> Assigned task: With pictures removed, print the listing exactly.

> Raw data:
┌────────
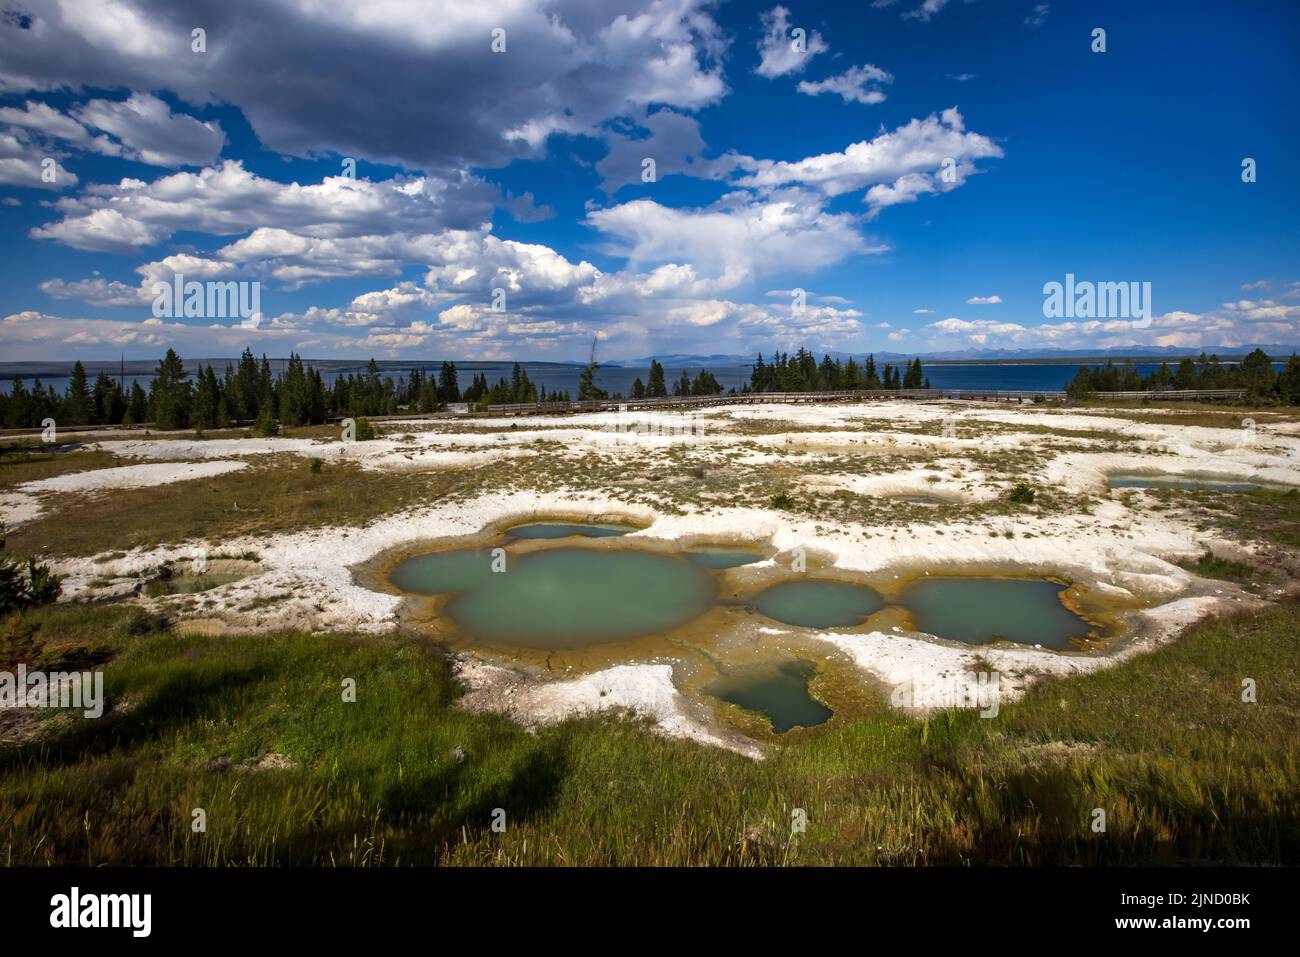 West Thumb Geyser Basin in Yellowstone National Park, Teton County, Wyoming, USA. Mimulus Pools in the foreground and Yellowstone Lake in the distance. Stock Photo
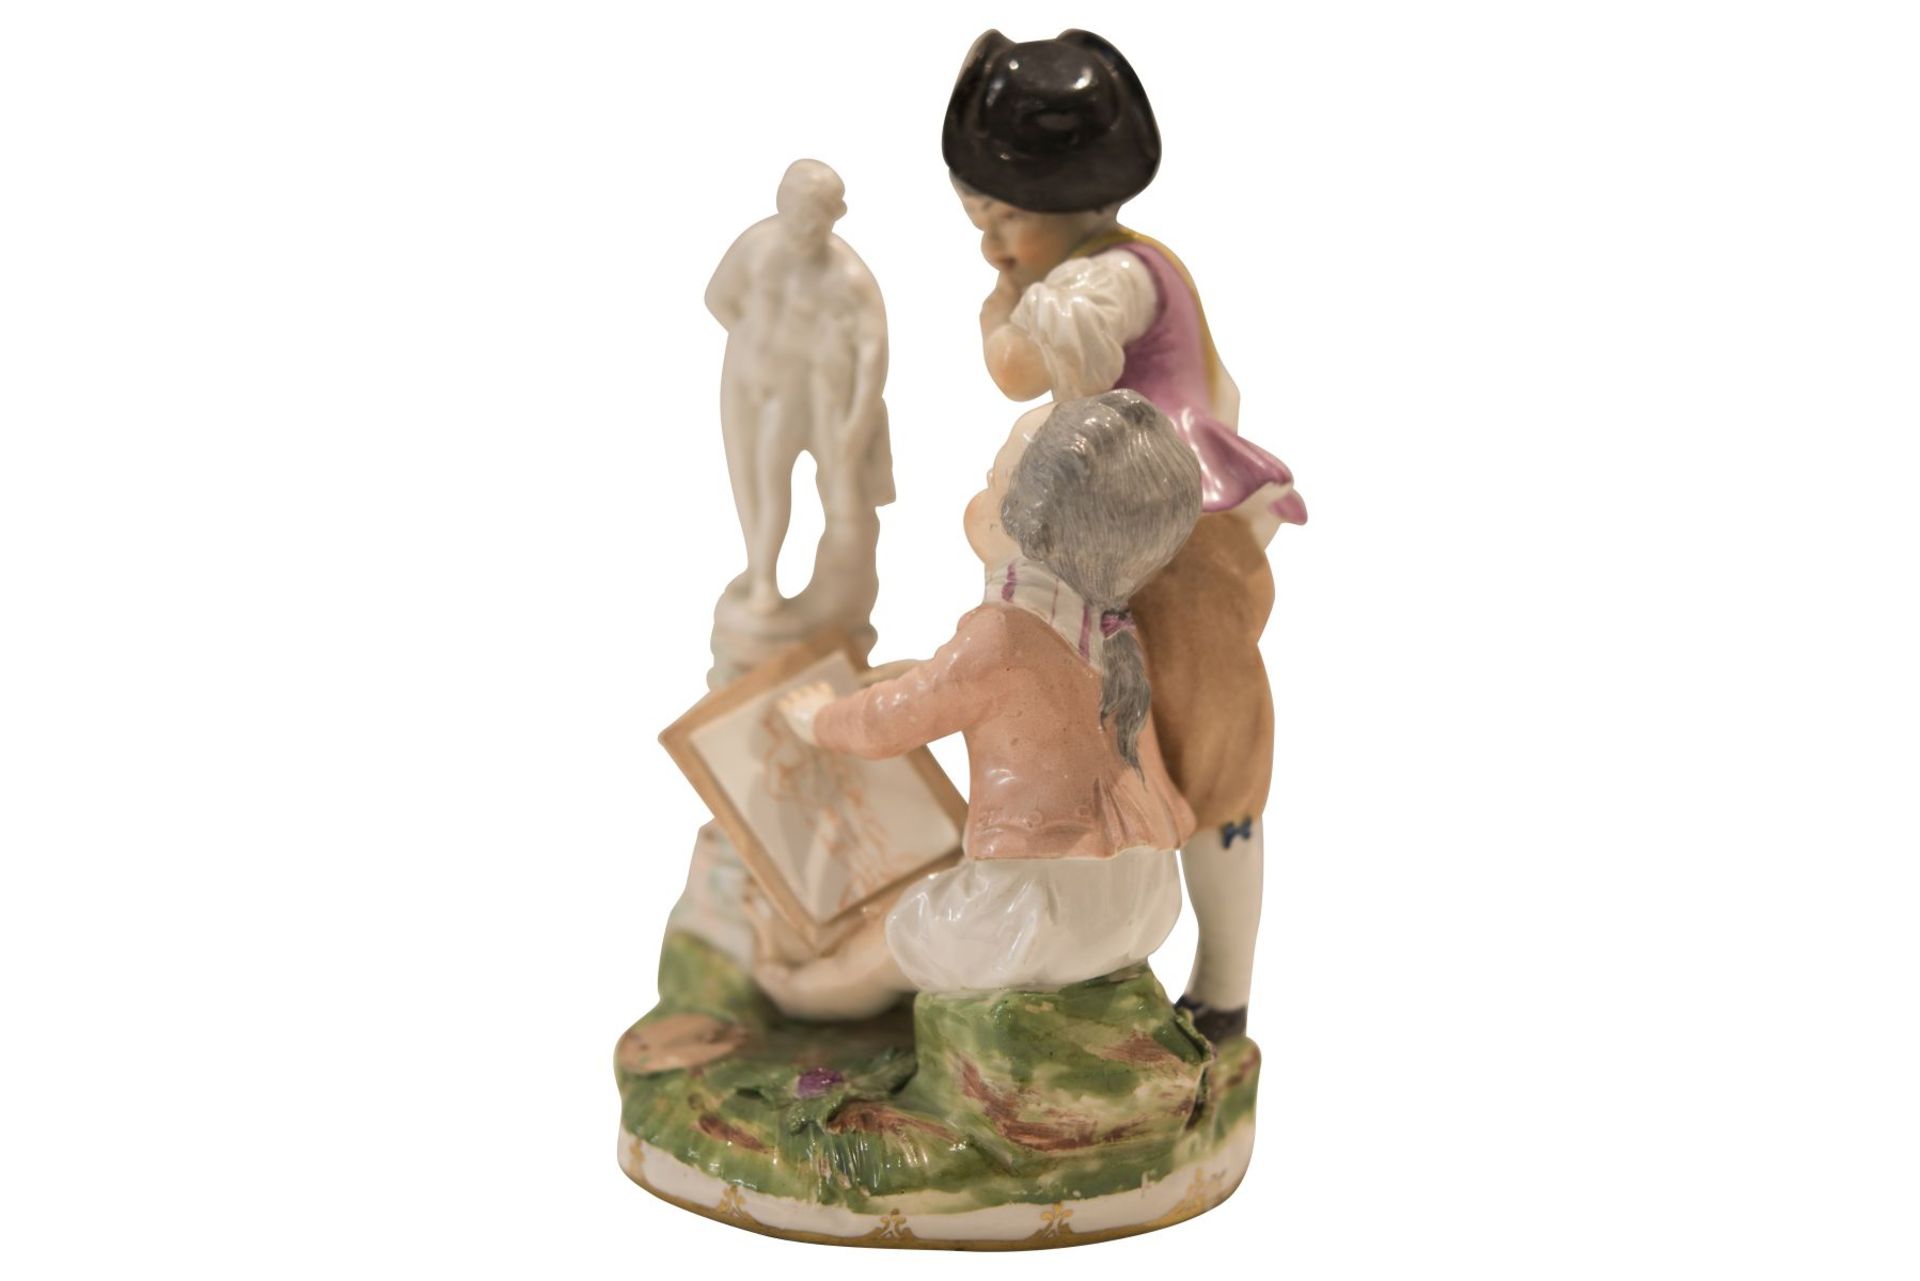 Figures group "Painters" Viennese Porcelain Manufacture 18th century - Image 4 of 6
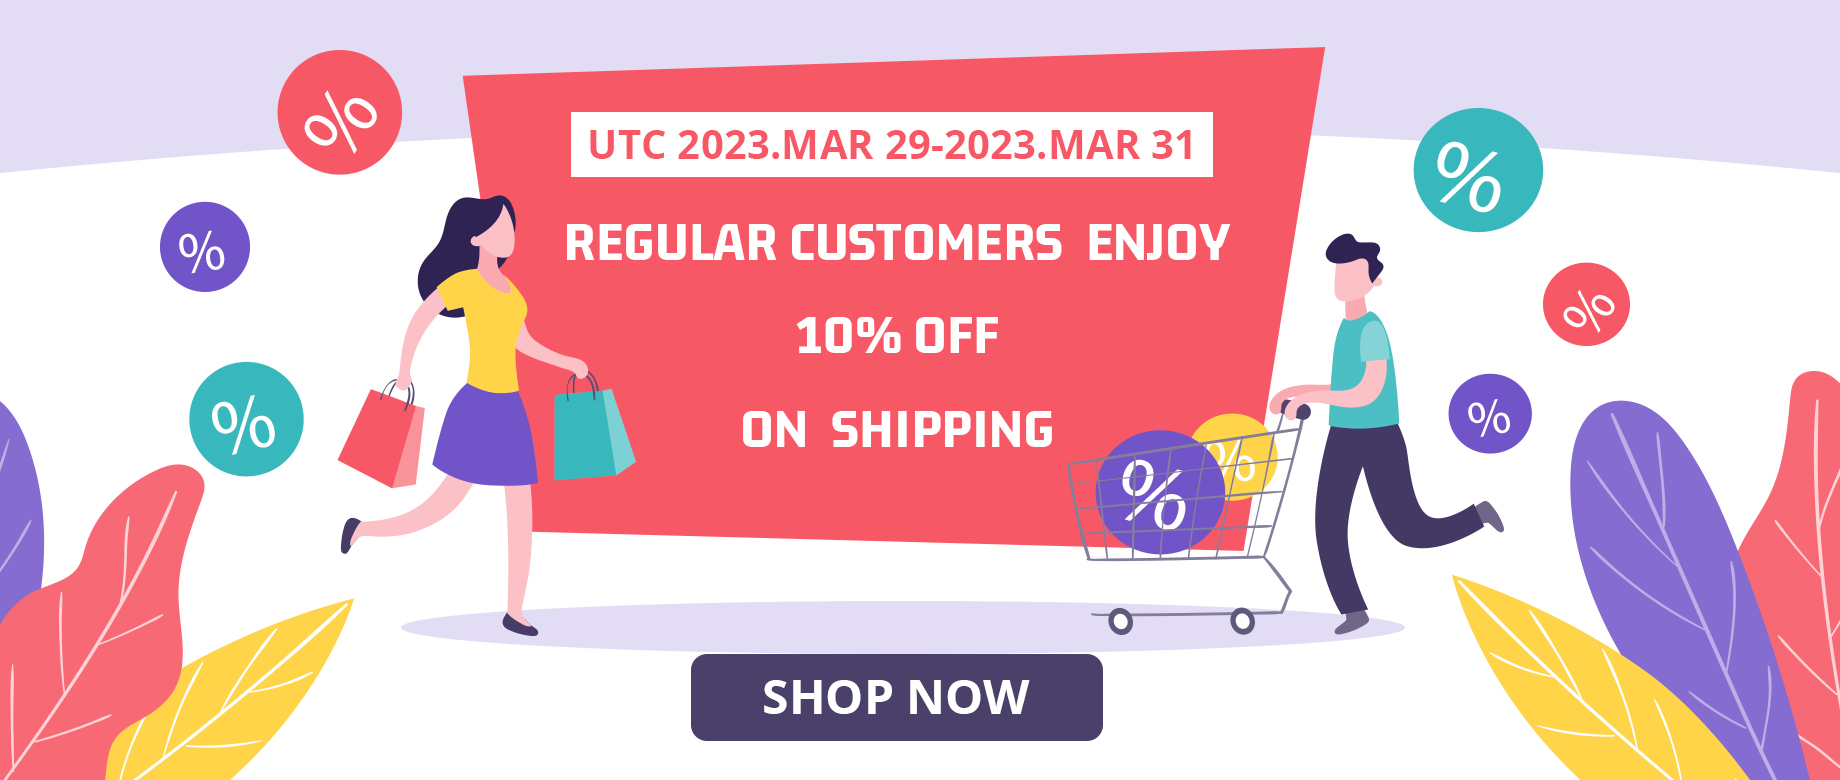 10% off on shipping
└────────
> Exercise output:
 West Thumb Geyser Basin in Yellowstone National Park, Teton County, Wyoming, USA. Mimulus Pools in the foreground and Yellowstone Lake in the distance. Stock Photo
 Figures group "Painters" Viennese Porcelain Manufacture 18th century - Image 4 of 6
 10% off on shipping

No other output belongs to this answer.